▶

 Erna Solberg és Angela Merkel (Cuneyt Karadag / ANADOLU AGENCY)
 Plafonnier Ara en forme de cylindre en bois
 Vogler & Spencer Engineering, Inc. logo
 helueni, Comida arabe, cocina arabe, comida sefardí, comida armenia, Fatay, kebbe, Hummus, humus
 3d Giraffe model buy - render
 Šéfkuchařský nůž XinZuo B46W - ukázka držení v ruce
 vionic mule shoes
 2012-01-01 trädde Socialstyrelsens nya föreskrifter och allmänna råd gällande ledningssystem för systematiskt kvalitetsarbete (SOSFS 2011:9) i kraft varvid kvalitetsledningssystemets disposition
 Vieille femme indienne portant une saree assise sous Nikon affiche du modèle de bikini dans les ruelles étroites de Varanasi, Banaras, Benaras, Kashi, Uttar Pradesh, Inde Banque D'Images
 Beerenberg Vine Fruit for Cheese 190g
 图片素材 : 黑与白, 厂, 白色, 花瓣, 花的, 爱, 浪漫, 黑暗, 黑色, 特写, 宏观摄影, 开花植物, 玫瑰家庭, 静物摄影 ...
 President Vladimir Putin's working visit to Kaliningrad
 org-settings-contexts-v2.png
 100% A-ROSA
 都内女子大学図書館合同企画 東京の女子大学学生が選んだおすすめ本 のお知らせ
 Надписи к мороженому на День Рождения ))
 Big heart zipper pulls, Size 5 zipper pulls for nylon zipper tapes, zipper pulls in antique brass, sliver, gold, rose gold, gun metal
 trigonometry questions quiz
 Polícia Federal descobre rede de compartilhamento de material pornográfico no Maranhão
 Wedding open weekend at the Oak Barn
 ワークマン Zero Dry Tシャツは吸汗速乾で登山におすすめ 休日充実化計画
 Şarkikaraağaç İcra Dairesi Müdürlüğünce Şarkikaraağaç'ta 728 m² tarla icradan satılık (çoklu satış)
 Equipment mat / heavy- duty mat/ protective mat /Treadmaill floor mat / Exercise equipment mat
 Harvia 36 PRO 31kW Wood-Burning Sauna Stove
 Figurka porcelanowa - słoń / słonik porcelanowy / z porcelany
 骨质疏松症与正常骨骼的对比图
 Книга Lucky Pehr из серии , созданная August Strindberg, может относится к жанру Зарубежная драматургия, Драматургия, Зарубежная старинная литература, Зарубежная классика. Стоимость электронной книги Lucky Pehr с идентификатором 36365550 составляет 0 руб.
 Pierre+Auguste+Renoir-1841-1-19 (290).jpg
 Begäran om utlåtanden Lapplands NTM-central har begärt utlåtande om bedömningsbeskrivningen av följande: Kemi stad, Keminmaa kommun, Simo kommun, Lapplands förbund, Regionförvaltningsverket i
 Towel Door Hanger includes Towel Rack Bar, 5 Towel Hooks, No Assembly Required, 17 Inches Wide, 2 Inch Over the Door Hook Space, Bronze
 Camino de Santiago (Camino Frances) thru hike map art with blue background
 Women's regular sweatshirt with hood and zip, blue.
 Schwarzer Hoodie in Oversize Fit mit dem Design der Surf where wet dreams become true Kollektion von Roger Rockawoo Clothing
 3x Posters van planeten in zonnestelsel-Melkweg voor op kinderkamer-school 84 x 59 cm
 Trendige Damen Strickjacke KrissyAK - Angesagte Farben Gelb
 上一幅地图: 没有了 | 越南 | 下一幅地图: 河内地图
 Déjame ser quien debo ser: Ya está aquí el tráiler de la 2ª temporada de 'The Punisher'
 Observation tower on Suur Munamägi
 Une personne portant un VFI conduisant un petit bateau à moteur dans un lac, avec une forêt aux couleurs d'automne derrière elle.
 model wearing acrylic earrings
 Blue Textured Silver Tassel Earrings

◀

* _ASSIGNMENT_: Send back an exact copy of only the lines from the line with "Beerenberg Vine Fruit for Cheese 190g" up to and including the line with "骨质疏松症与正常骨骼的对比图" in the data above.

* _TASK RESULT_:
 Beerenberg Vine Fruit for Cheese 190g
 图片素材 : 黑与白, 厂, 白色, 花瓣, 花的, 爱, 浪漫, 黑暗, 黑色, 特写, 宏观摄影, 开花植物, 玫瑰家庭, 静物摄影 ...
 President Vladimir Putin's working visit to Kaliningrad
 org-settings-contexts-v2.png
 100% A-ROSA
 都内女子大学図書館合同企画 東京の女子大学学生が選んだおすすめ本 のお知らせ
 Надписи к мороженому на День Рождения ))
 Big heart zipper pulls, Size 5 zipper pulls for nylon zipper tapes, zipper pulls in antique brass, sliver, gold, rose gold, gun metal
 trigonometry questions quiz
 Polícia Federal descobre rede de compartilhamento de material pornográfico no Maranhão
 Wedding open weekend at the Oak Barn
 ワークマン Zero Dry Tシャツは吸汗速乾で登山におすすめ 休日充実化計画
 Şarkikaraağaç İcra Dairesi Müdürlüğünce Şarkikaraağaç'ta 728 m² tarla icradan satılık (çoklu satış)
 Equipment mat / heavy- duty mat/ protective mat /Treadmaill floor mat / Exercise equipment mat
 Harvia 36 PRO 31kW Wood-Burning Sauna Stove
 Figurka porcelanowa - słoń / słonik porcelanowy / z porcelany
 骨质疏松症与正常骨骼的对比图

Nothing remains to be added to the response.